#### Given records ####

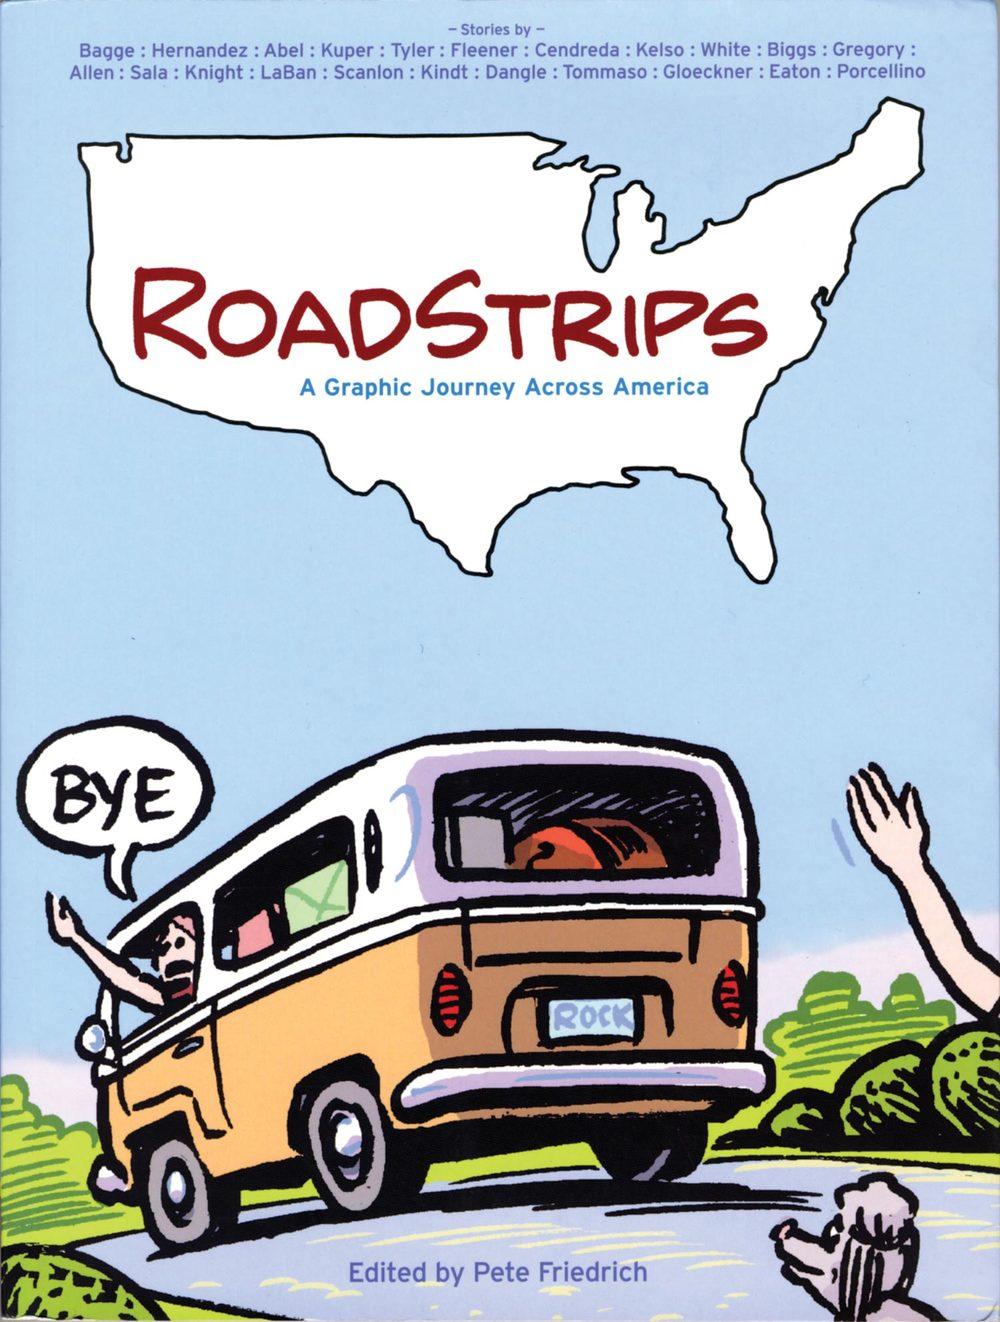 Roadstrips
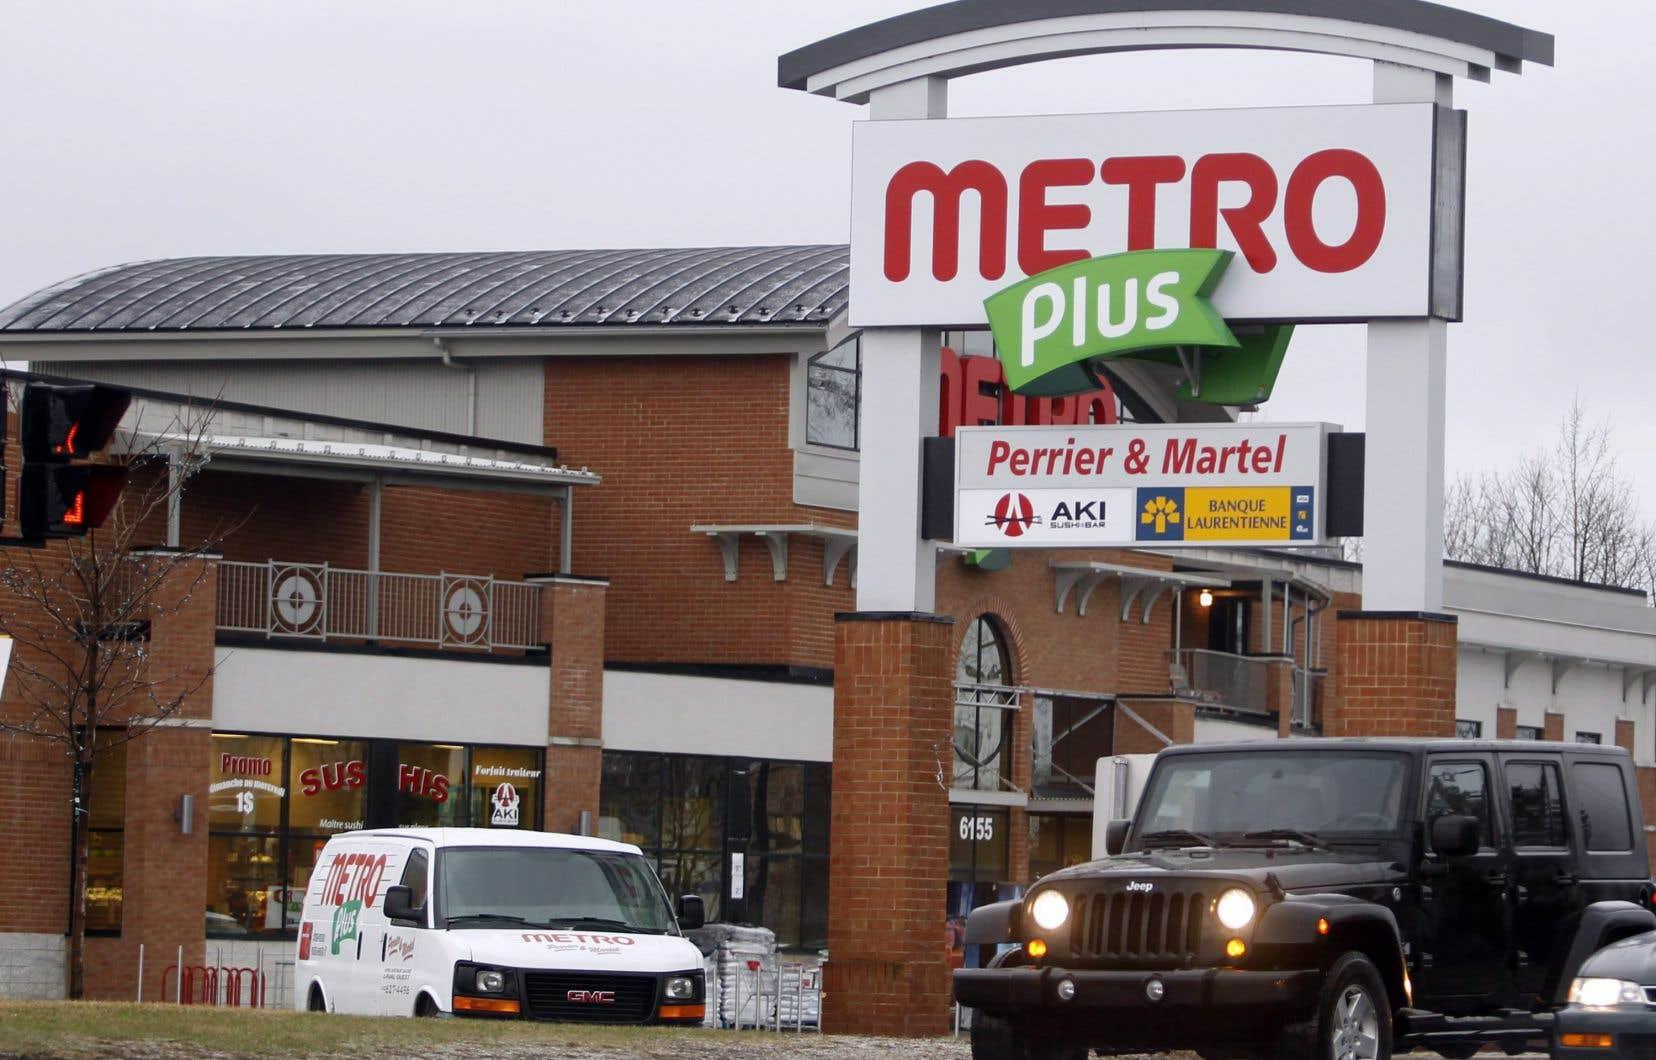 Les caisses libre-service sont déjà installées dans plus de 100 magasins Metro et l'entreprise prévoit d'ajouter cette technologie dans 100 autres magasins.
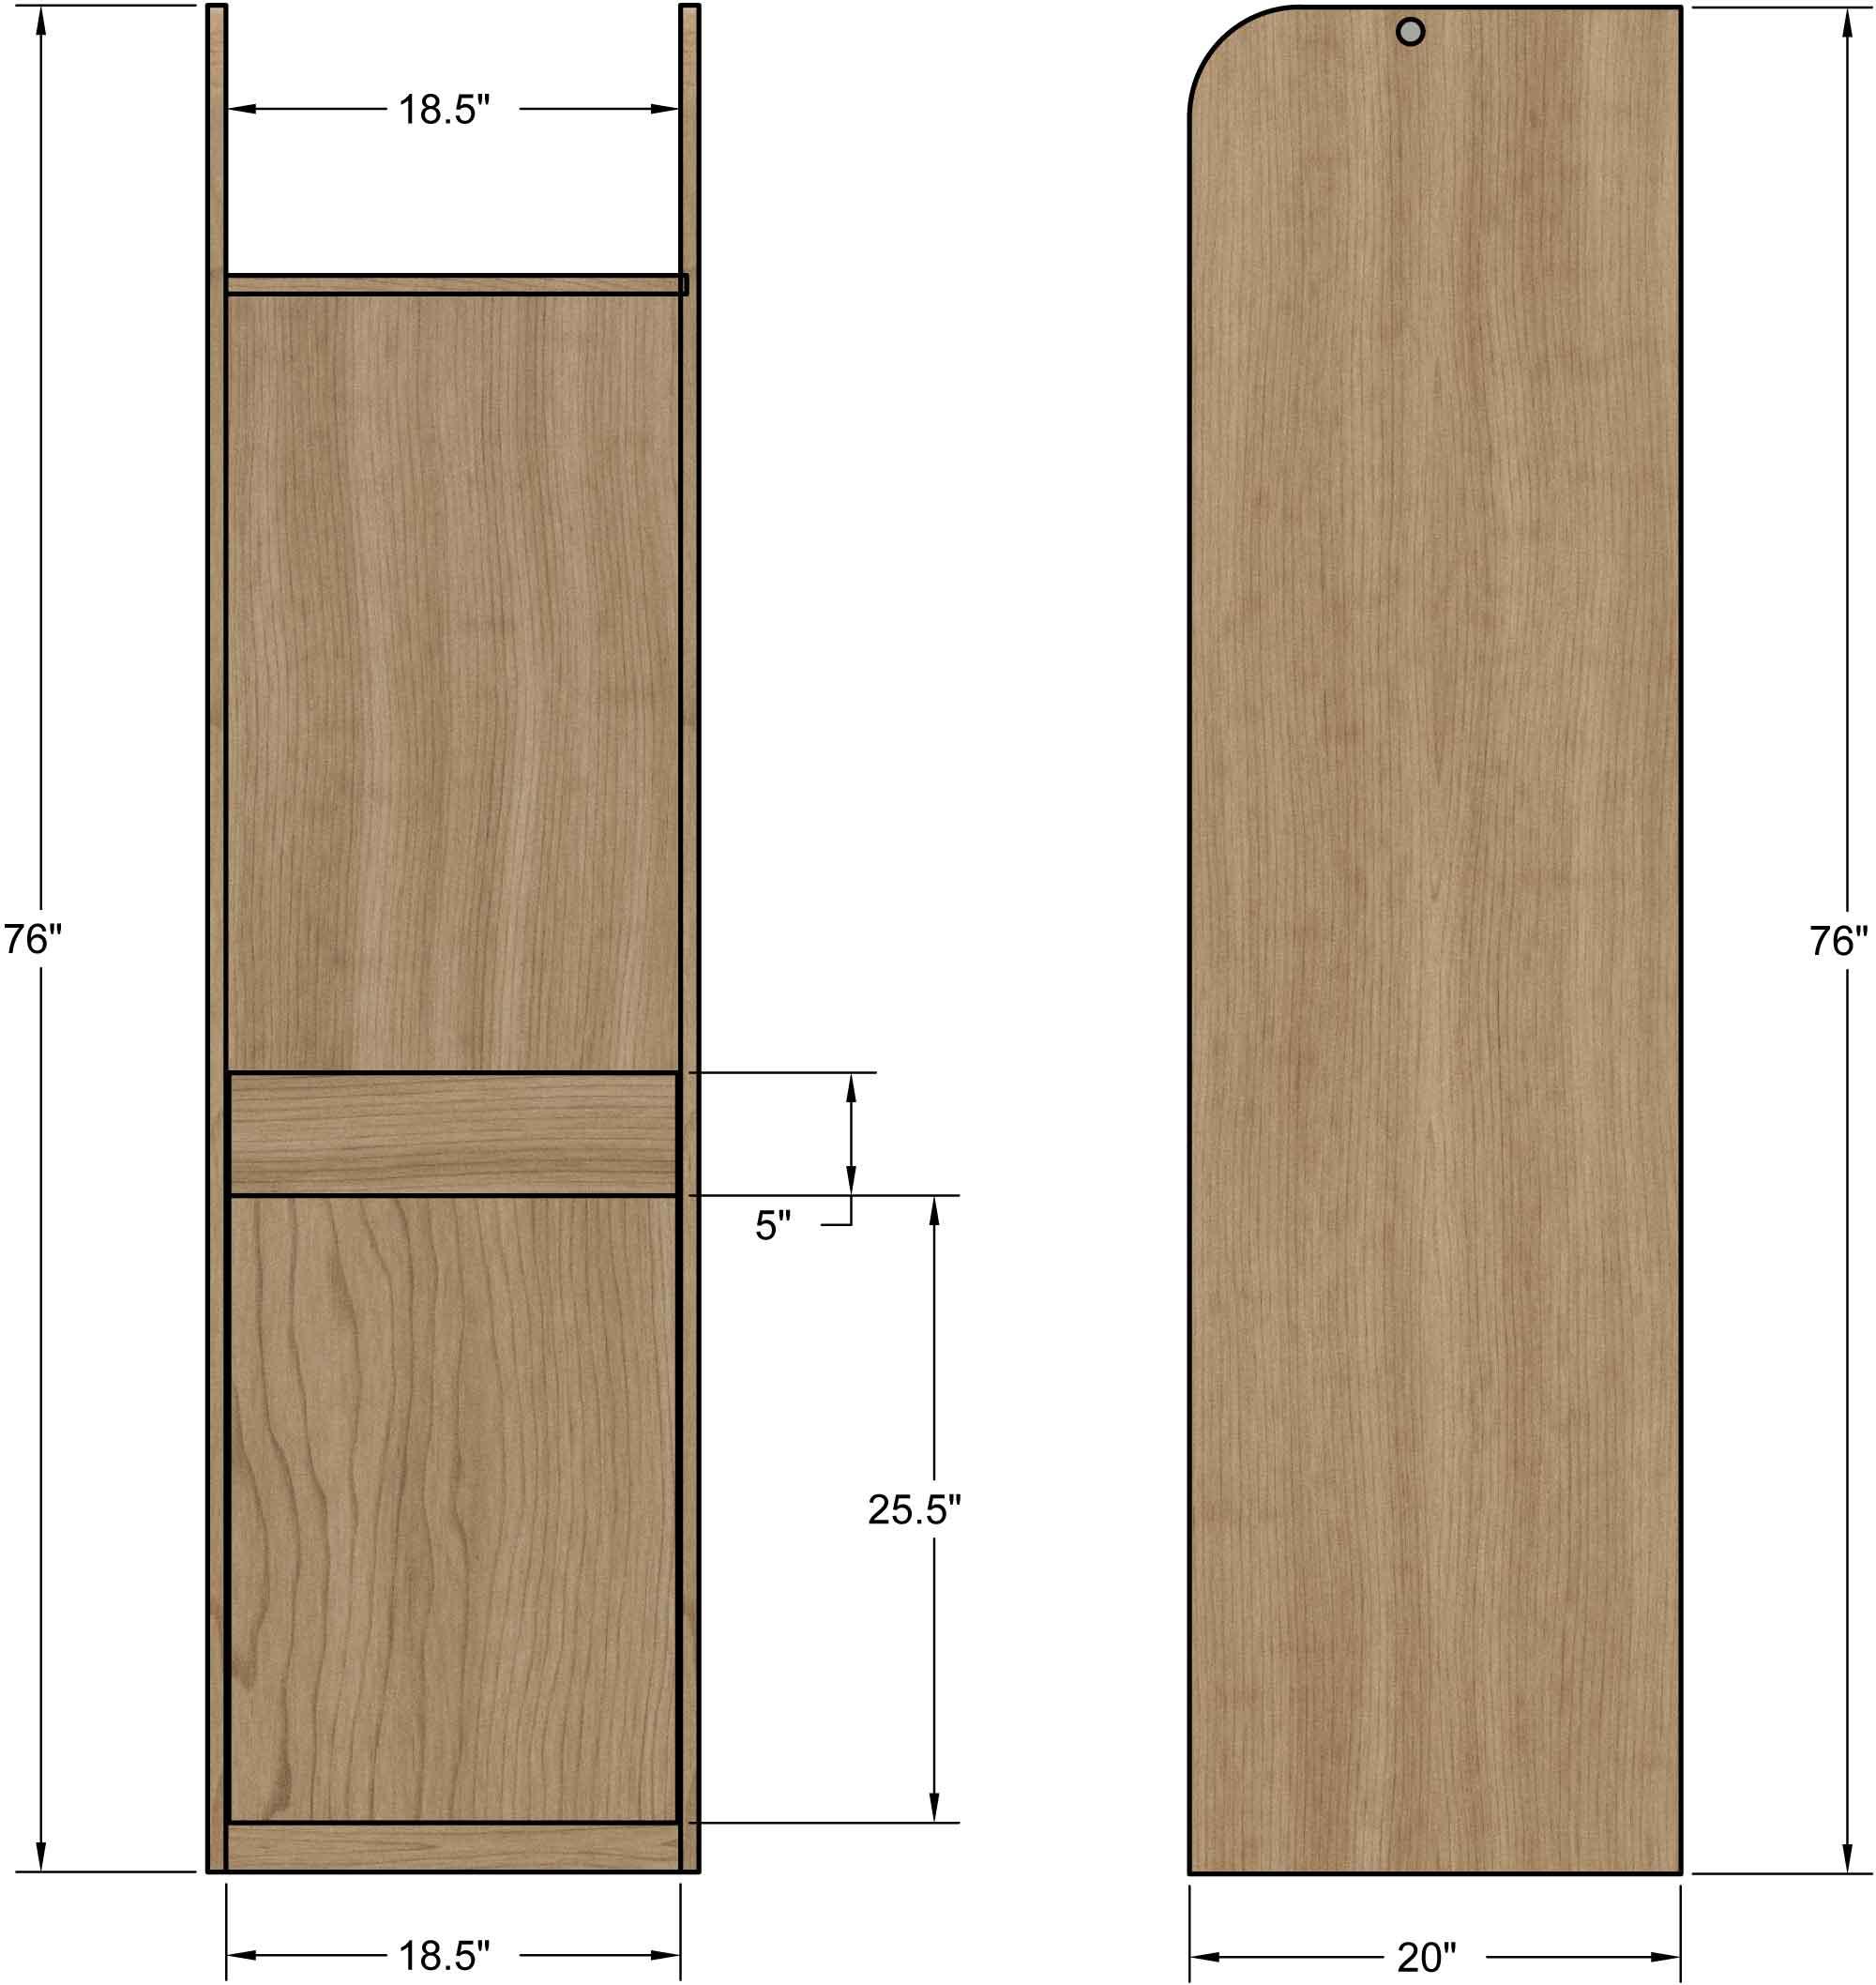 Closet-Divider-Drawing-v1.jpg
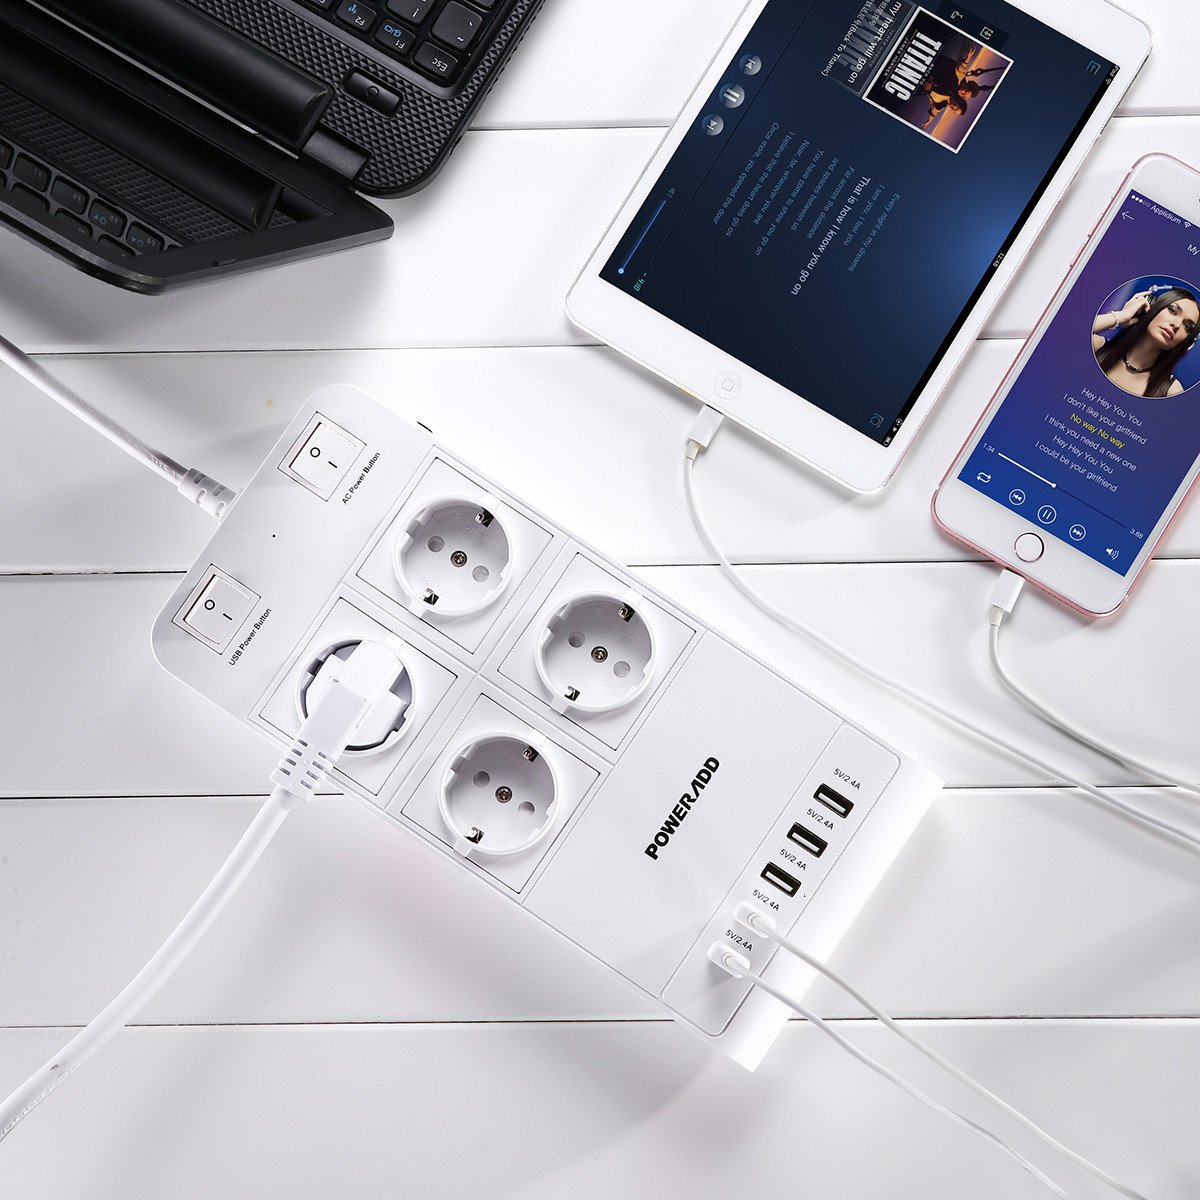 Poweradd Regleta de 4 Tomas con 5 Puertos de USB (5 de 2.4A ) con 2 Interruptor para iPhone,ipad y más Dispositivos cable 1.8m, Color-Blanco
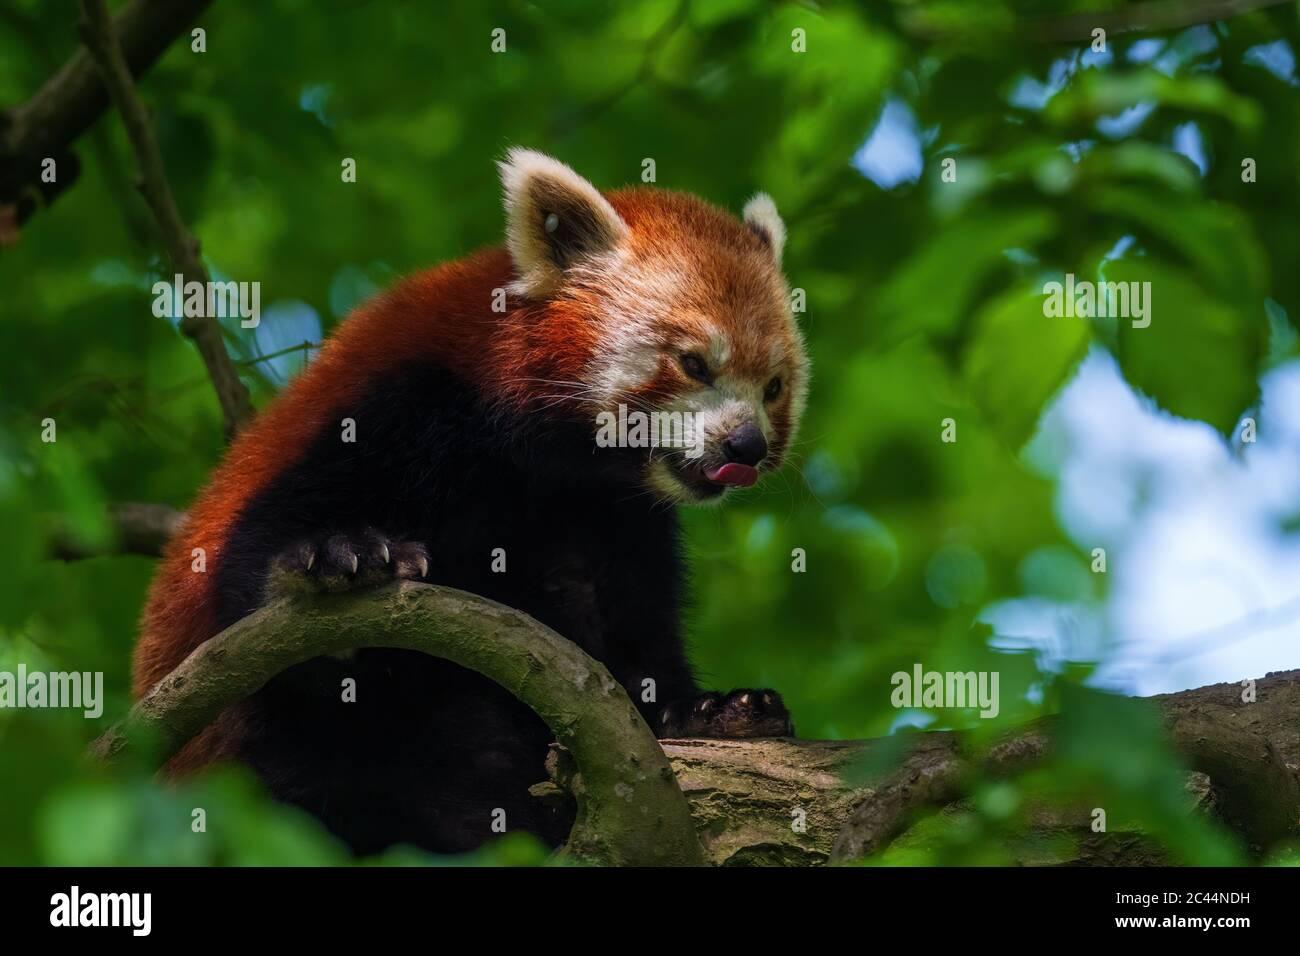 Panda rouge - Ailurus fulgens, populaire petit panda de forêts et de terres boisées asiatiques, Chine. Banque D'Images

####

Extract, verbatim and alone, the lines from the line that contains "Les caisses libre-service" to the last line of the records, inclusive; drop any picture.

Result below »
 Les caisses libre-service sont déjà installées dans plus de 100 magasins Metro et l'entreprise prévoit d'ajouter cette technologie dans 100 autres magasins.
 Closet-Divider-Drawing-v1.jpg
 Poweradd Regleta de 4 Tomas con 5 Puertos de USB (5 de 2.4A ) con 2 Interruptor para iPhone,ipad y más Dispositivos cable 1.8m, Color-Blanco
 Panda rouge - Ailurus fulgens, populaire petit panda de forêts et de terres boisées asiatiques, Chine. Banque D'Images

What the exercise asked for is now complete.